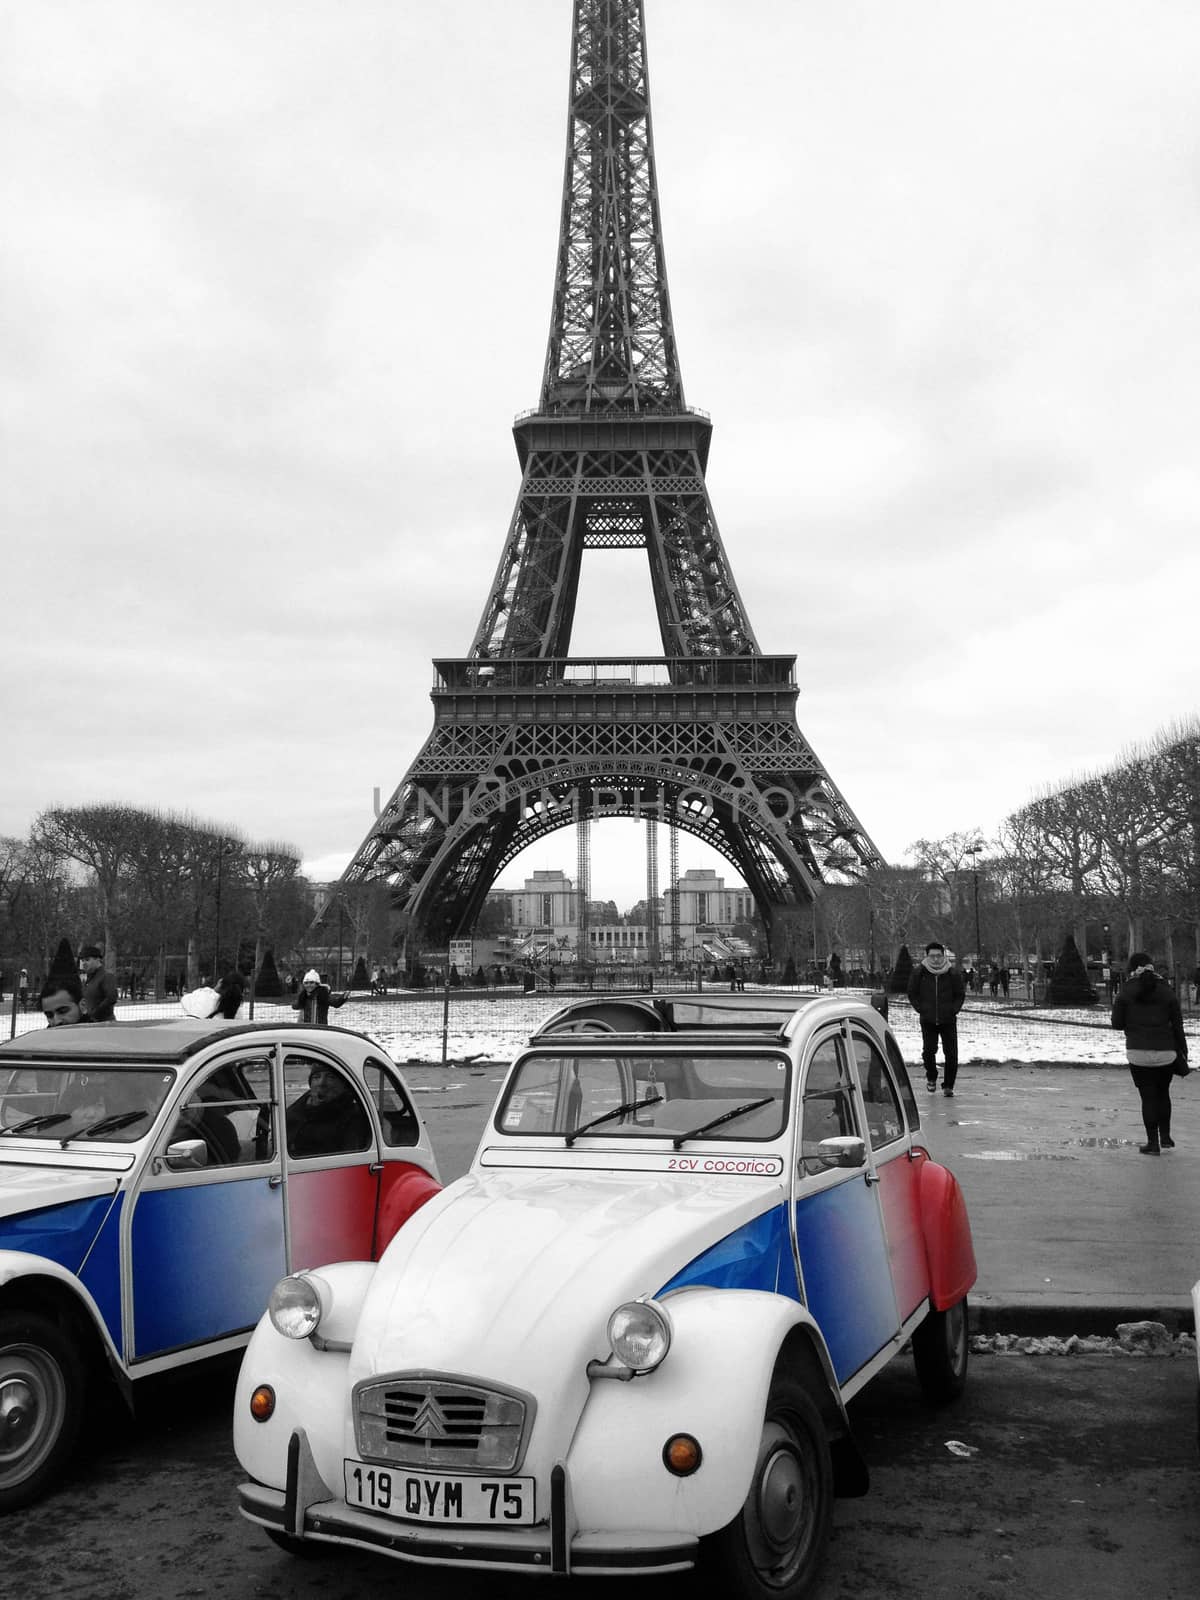 Citroen 2CV under the Eiffel Tower in Paris, France by bensib
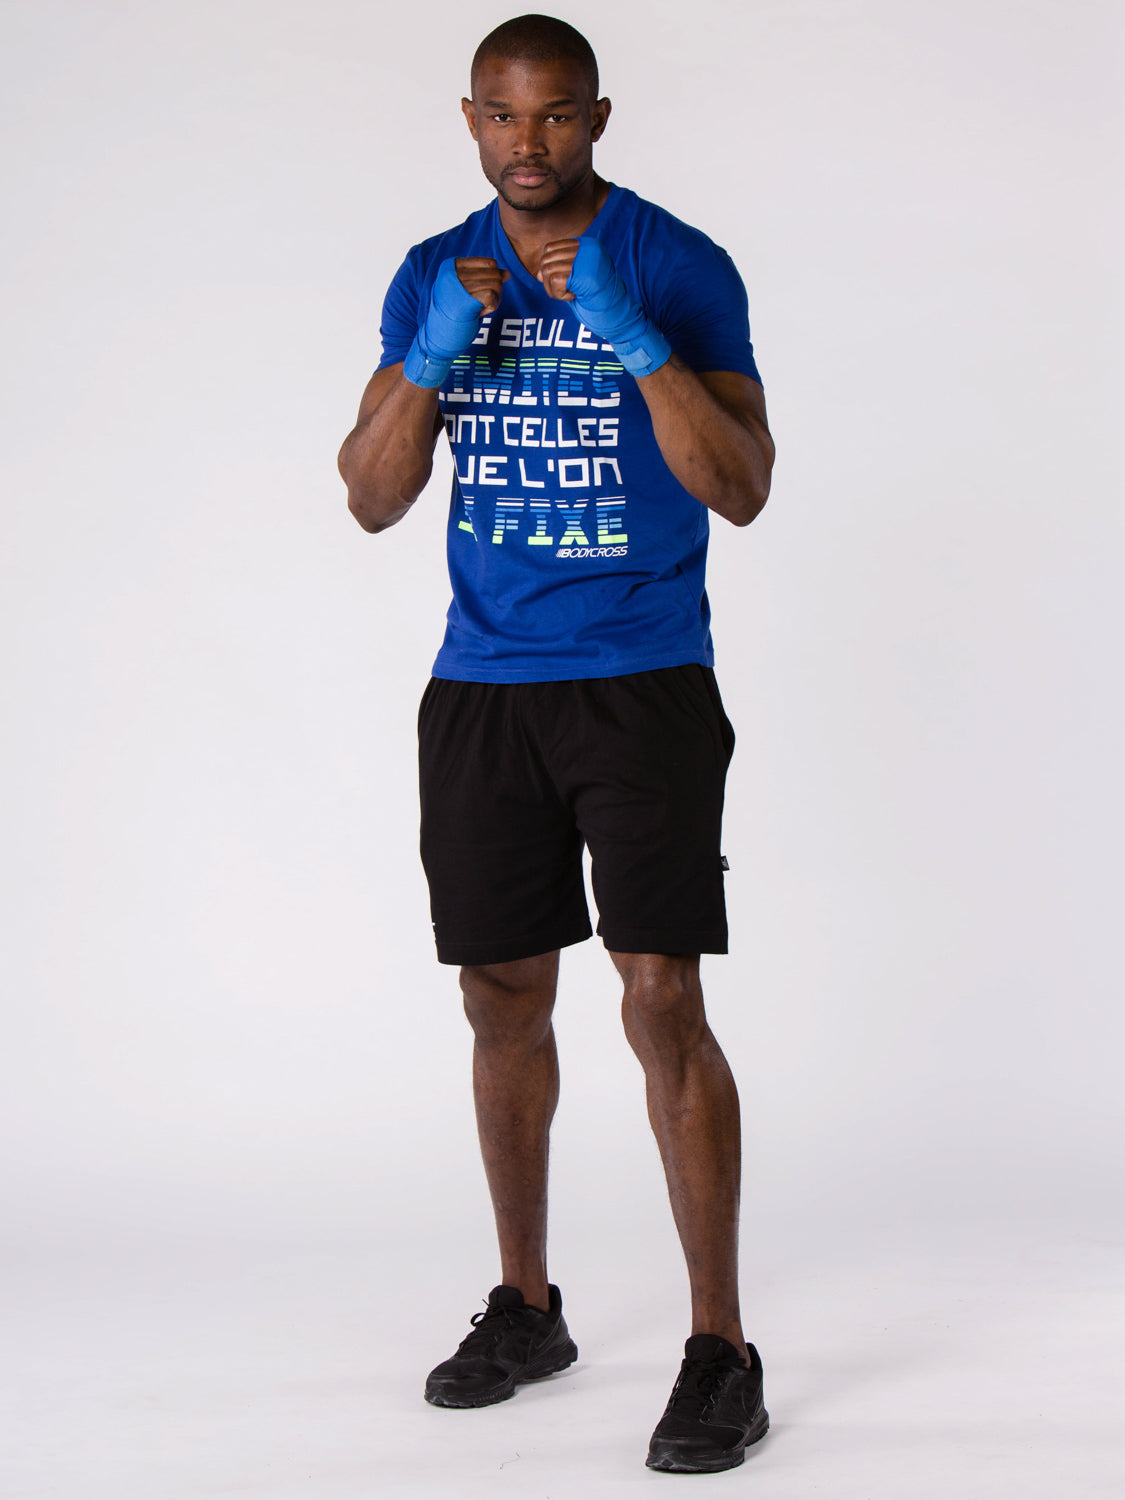 Men's Casual T-shirt BodyCross - Otis Blue + Badis Black - Front View
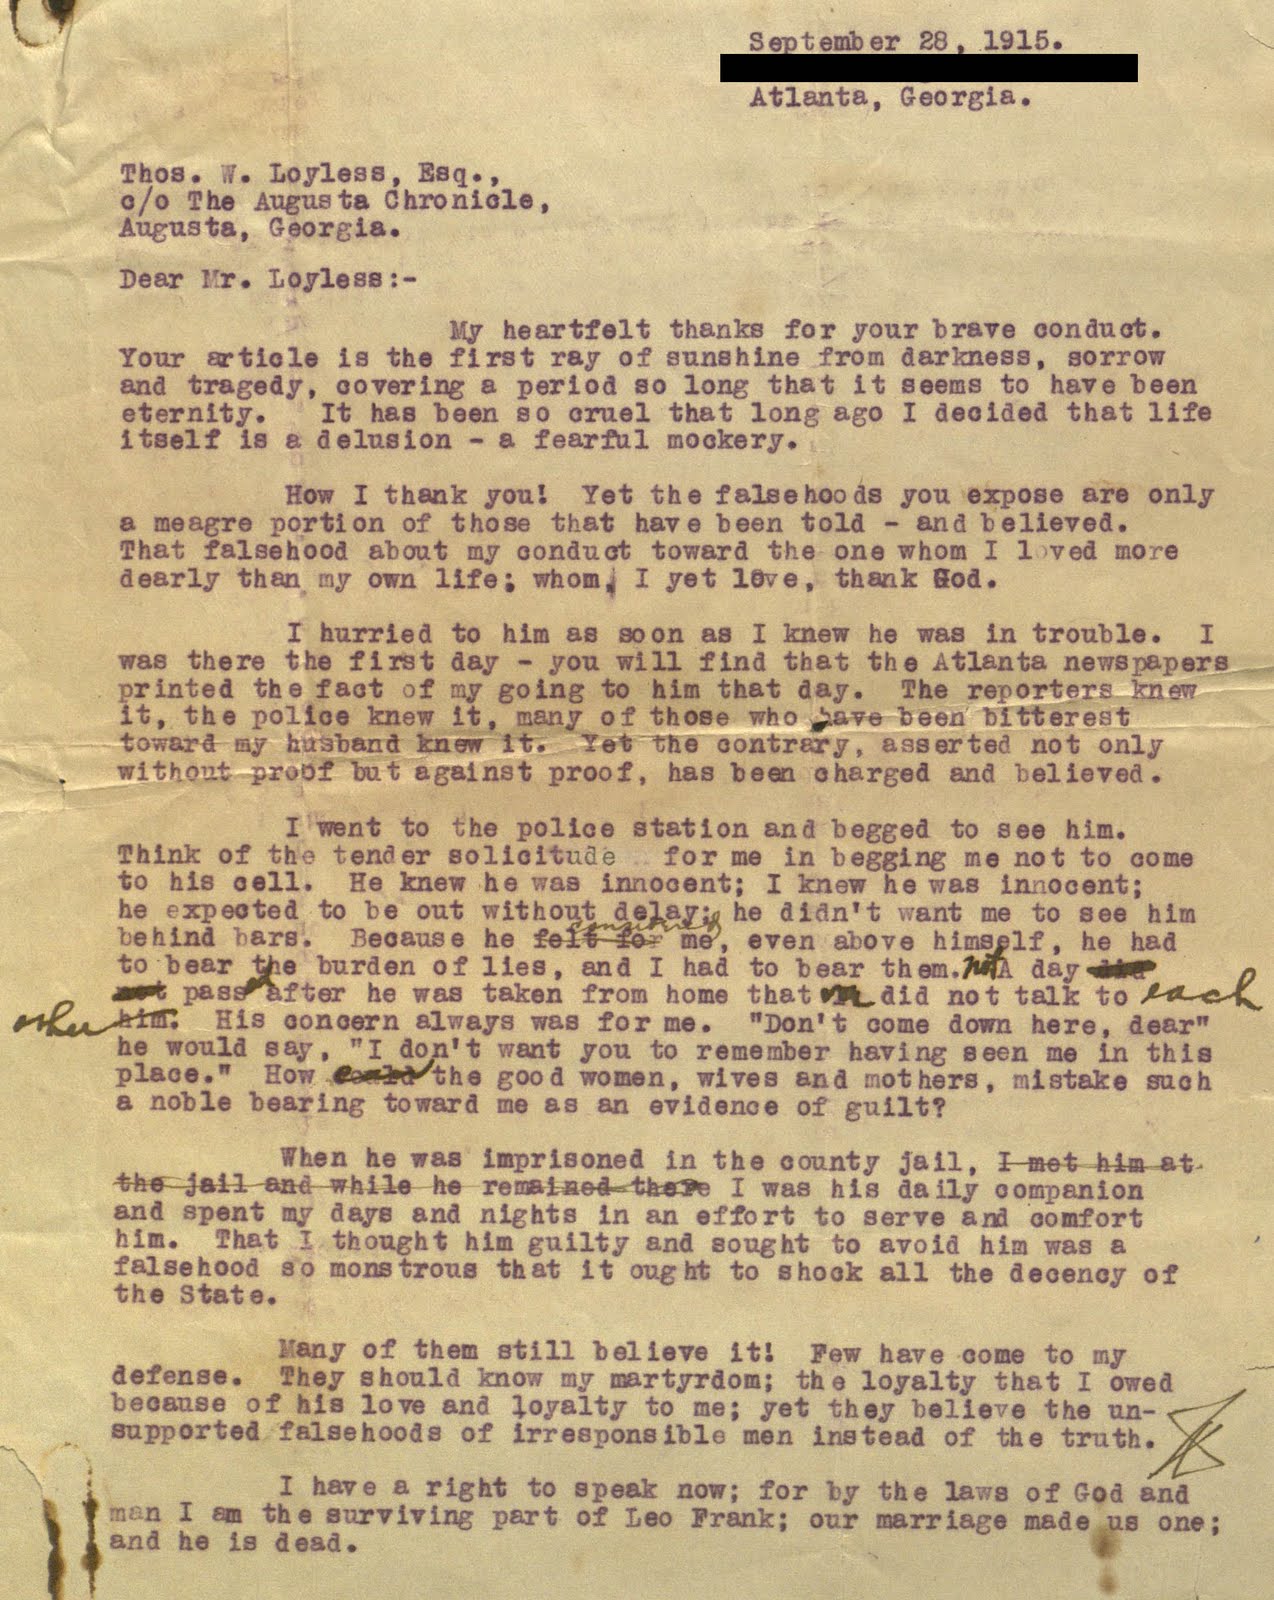 A worn-down telegram to Mr. Loyles from September 28, 1915
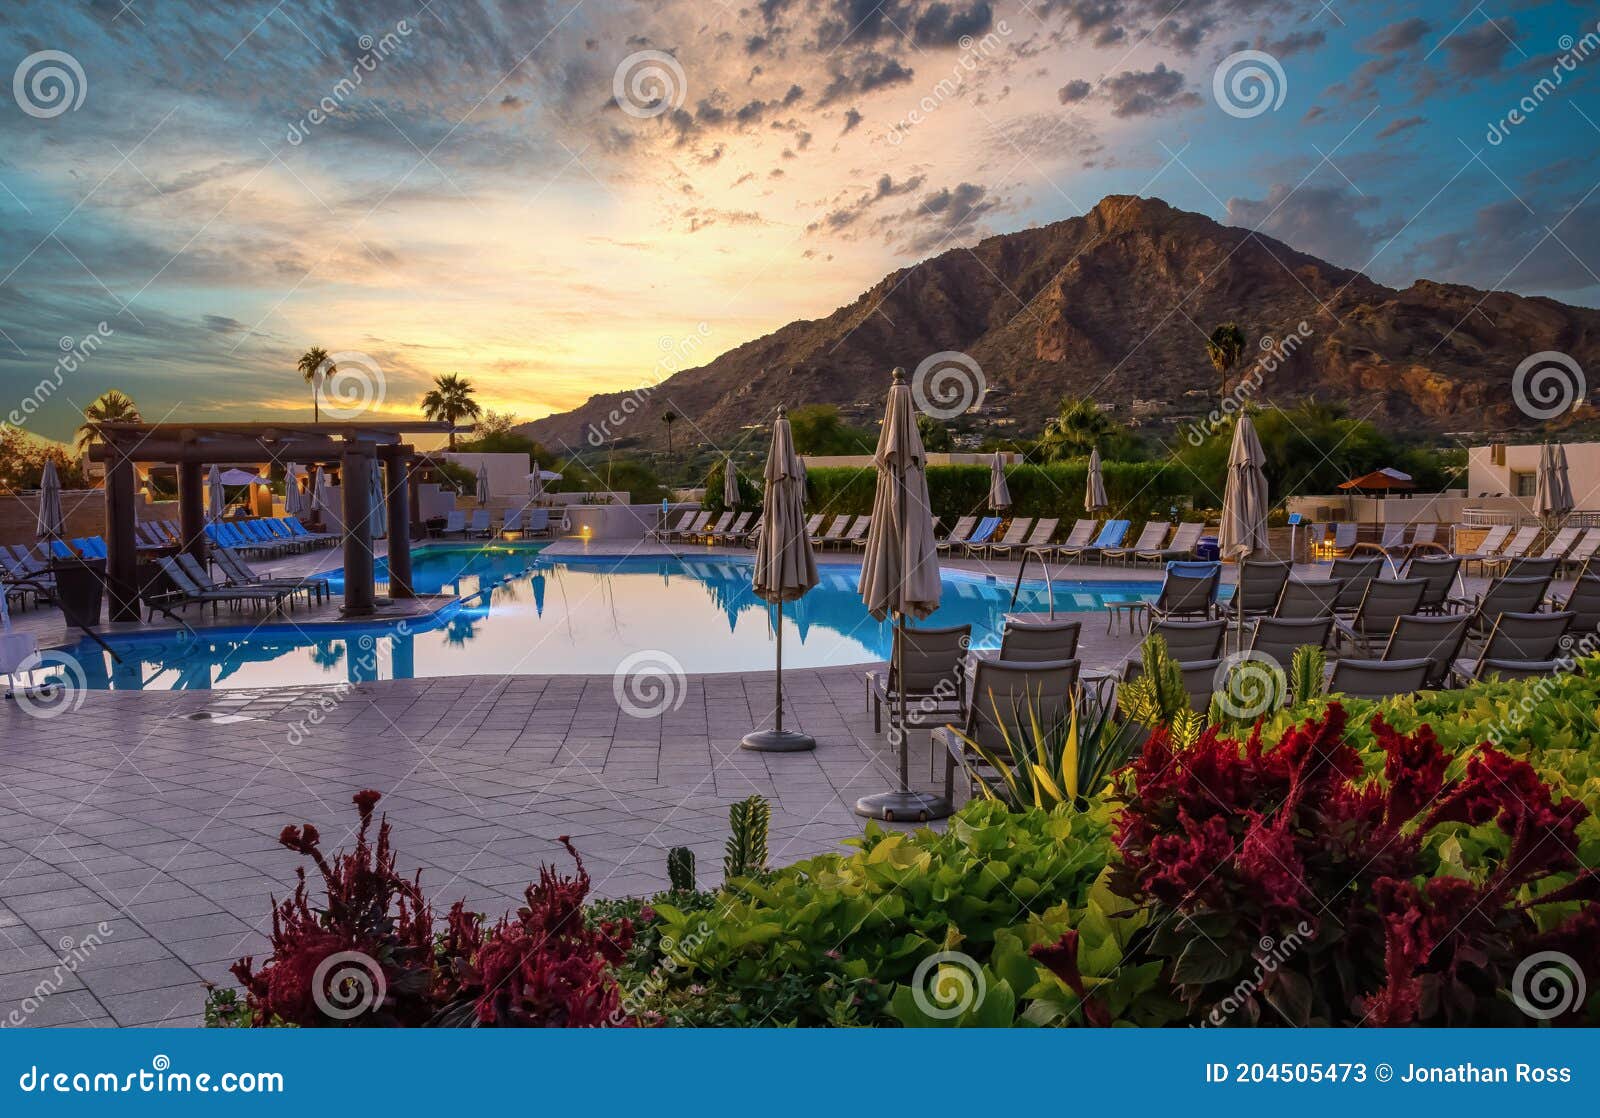 arizona resort with pool and mountain
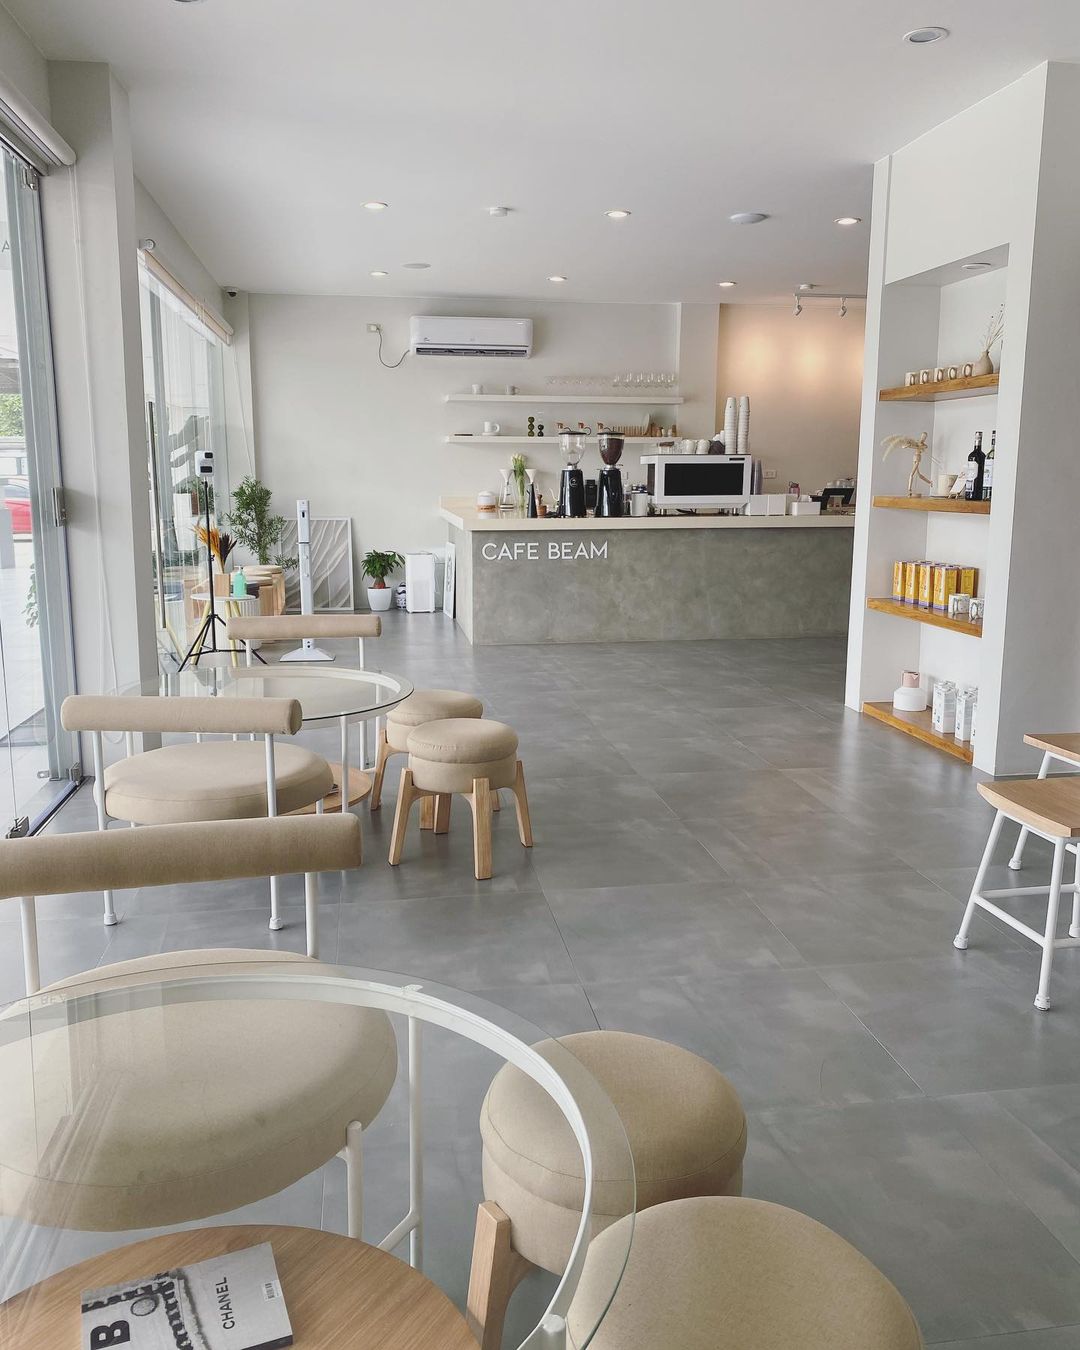 Cafe Beam - minimalist interior

Exercise requirements:
The data above are to be repeated word for word, with any pictures left out.

Result:
 Citroen 2CV under the Eiffel Tower in Paris, France by bensib
 Men's Casual T-shirt BodyCross - Otis Blue + Badis Black - Front View
 A worn-down telegram to Mr. Loyles from September 28, 1915
 arizona resort with pool and mountain
 Cafe Beam - minimalist interior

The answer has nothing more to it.